INDPRO exhibits a clear long-run trend interspersed with business cycles. Unlike CPI, the seasonal component here is substantial relative to the trend, indicating that production is highly sensitive to recurring yearly patterns. The decomposition also highlights the severity of exogenous shocks: while the 2008 crisis is smoothed into the trend component, the 2020 pandemic appears as a massive outlier in the remainder component, indicating a shock too abrupt for the trend-cycle to capture fully.

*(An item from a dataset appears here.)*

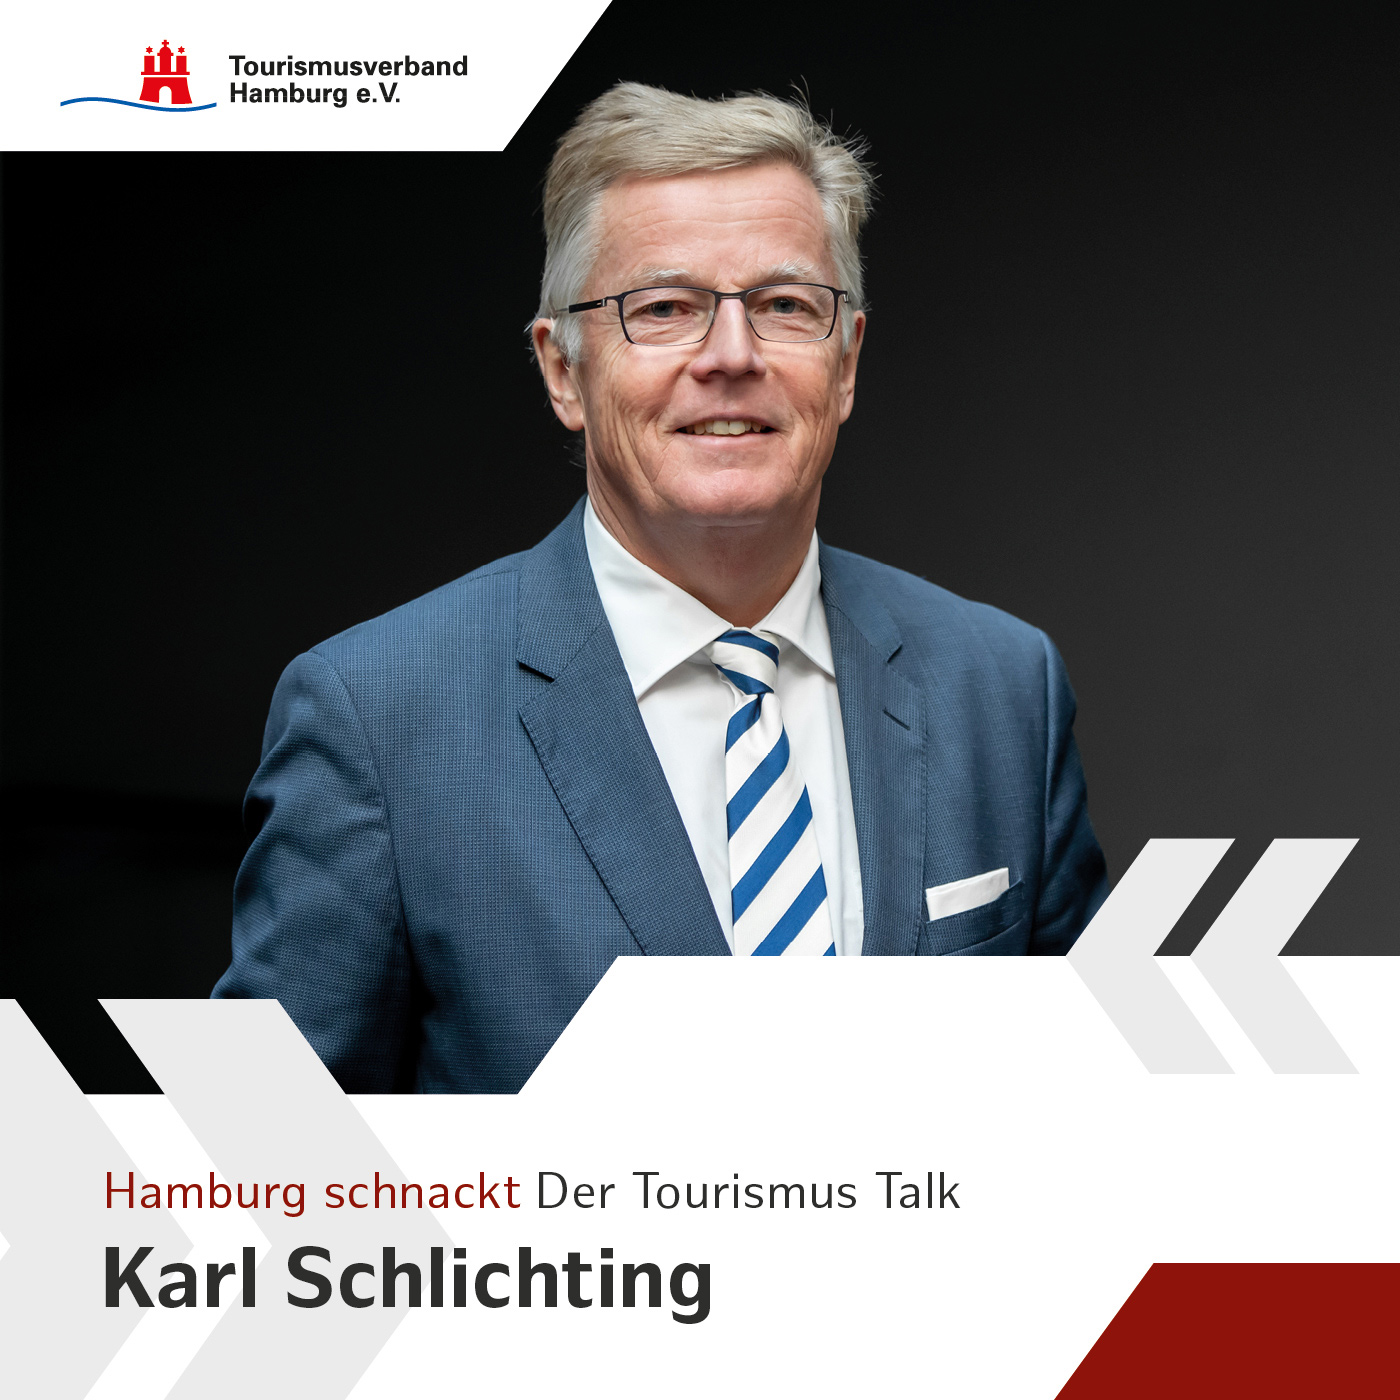 Hamburg schnackt – mit Carl Schlichting, 2. Stellvertretender Vorsitzender des TVH und Privathotelier

The decomposition of TCU differs from the others by showing mean-reverting cyclical behavior around a slowly declining long-term average. Rather than a deterministic upward trend, the series exhibits a structural downward drift (lower peaks in recent decades). Like INDPRO, the remainder component is dominated by a sharp negative spike in 2020, confirming that recent non-stationarity is driven by distinct structural breaks rather than standard seasonality.